Thinking about doing more with your writing? Why not join me in Paris June 2-7 for my Masterclass in Screenwriting? Come be part of a dynamic community of writers and literary agents to learn, to write, to network, to energize your literary goals—and just to have fun in the City of Light!

The Paris Writers Workshop is the longest running literary program of its kind. This program offers 6 masterclasses by renowned authors, each a specialist in their field—and I’ll be teaching the Screenwriting Masterclass—in English, of course.

The workshop will be held at Columbia University’s beautiful Reid Hall campus in the heart of literary Paris—Montparnasse.
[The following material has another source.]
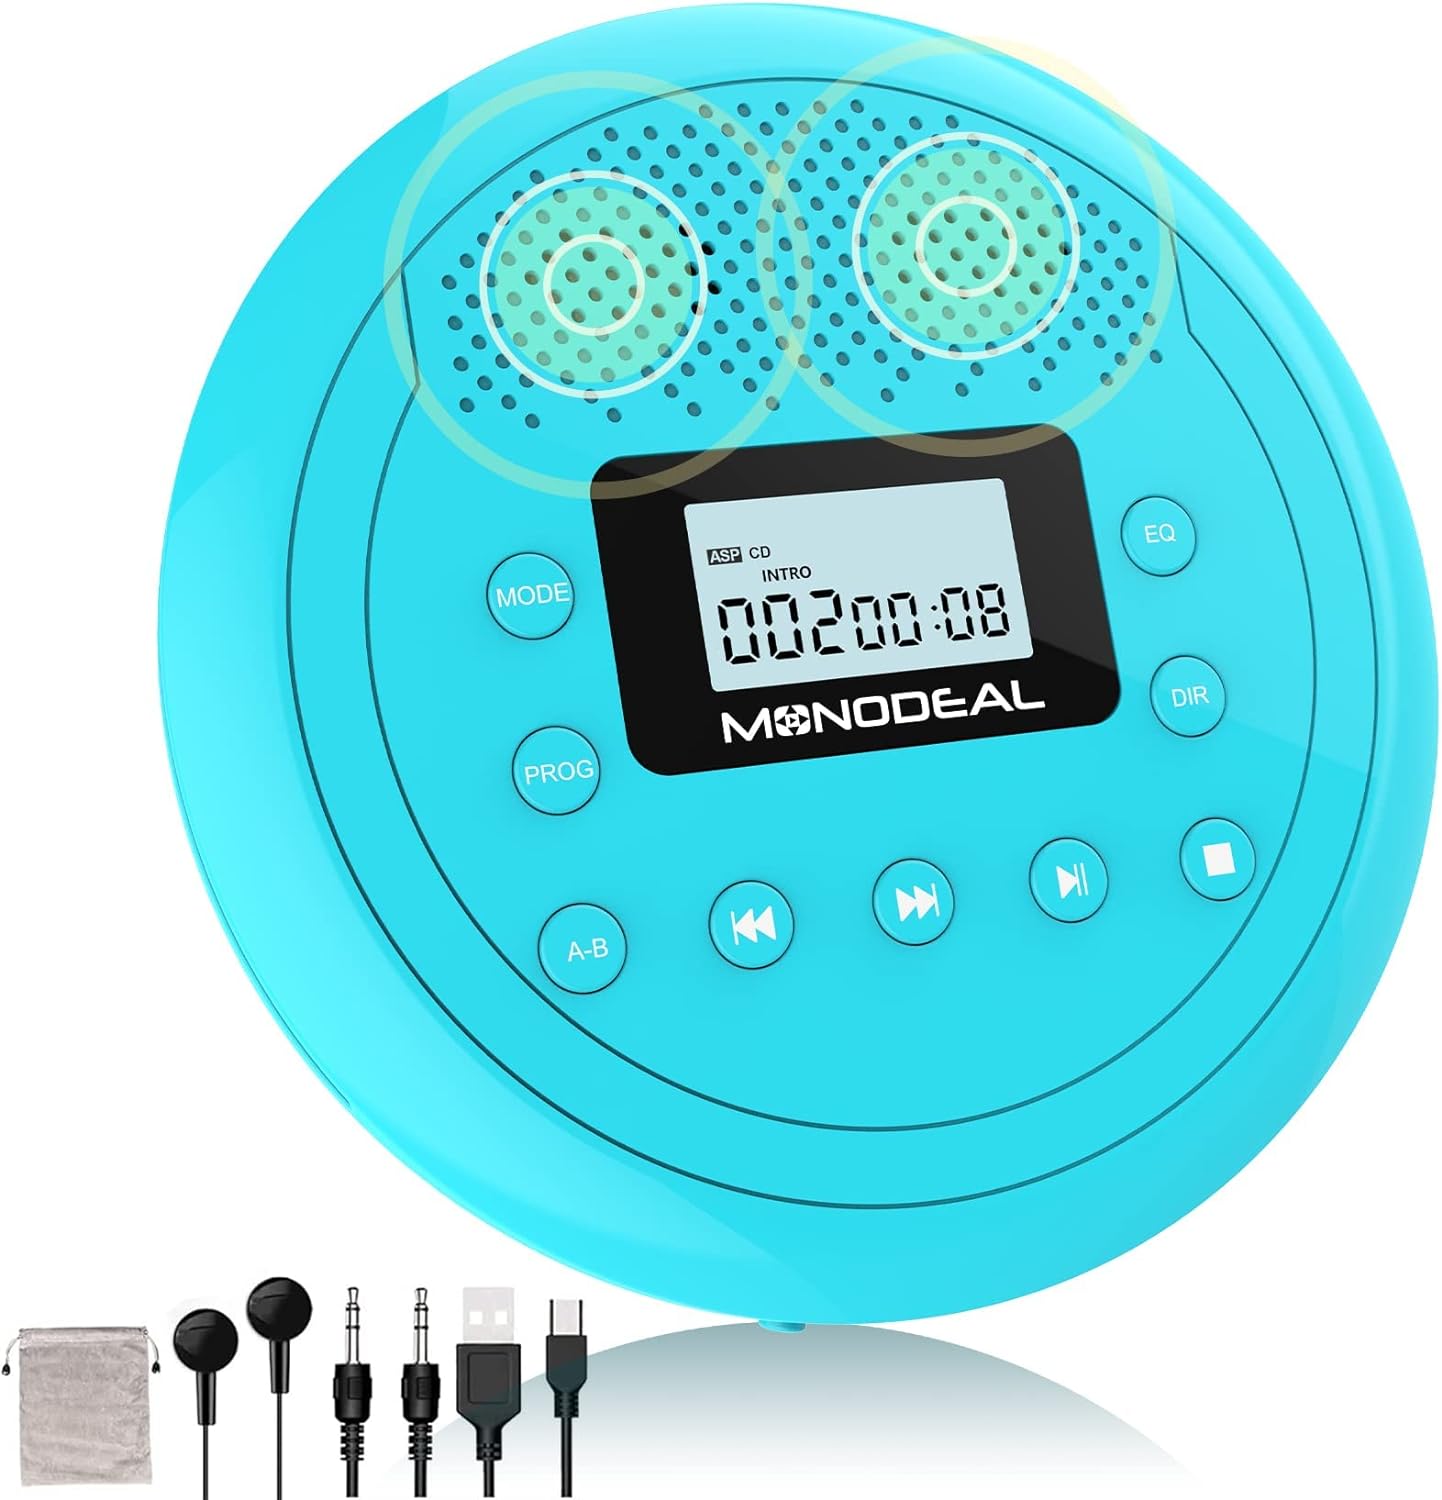 CD Player Portable | Speaker Built-in Rechargeable CD Player by Monodeal | Walkman CD Player for Car and Home, Kids, Anti-Skip CD Player with Headphones(Cyan-Blue)

Registration is now open: https://wice-paris.org/paris-writers- workshop

We’ll have a great time getting your story ideas off the ground!!

Diane Lake

Back to School 10—School’s Out!

I can hardly believe that it’s been 10 weeks since we started talking about how to write that film set in high school or college. And though that seems like a long time to devote to this genre, there are SO many films we didn’t get a chance to talk about in more detail that are worth a look:

  • Animal House [1978]
  • Fast Times at Ridgemont High [1982]
  • Sixteen Candles [1984]
  • The Breakfast Club [1985]
  • Hoosiers [1986]
  • Ferris Bueller’s Day Off [1986]
  • Stand and Deliver [1988]
  • Say Anything [1989]
  • Kindergarten Cop [1990]
  • Dazed and Confused [1993]
  • Rushmore [1998]
  • Election [1999]
  • Napoleon Dynamite [2004]
  • The Perks of Being a Wallflower [2012]
  • Me and Earl and the Dying Girl [2015]
  • The Edge of Seventeen [2016]
  • Middle School [2016]
  • The Kissing Booth [2018]

When writing any story, I always thing about how I can push the boundaries, how I can do something that hasn’t been done before. Because if you’re out there trying to get your scripts seen, you can’t just do what everybody else is doing, or what has been done before. You really need to think about doing something fresh.

This is why we study films that came before in a genre we want to write. It’s only when you know your genre that you can hope to do something new. If I had the idea for a cop to have to go into a class as a kindergarten teacher and hadn’t seen Kindergarten Cop, I’d be totally spinning my wheels. Anyone reading my script would read a couple of pages and realize that had already been done and…woosh! My script’s toast.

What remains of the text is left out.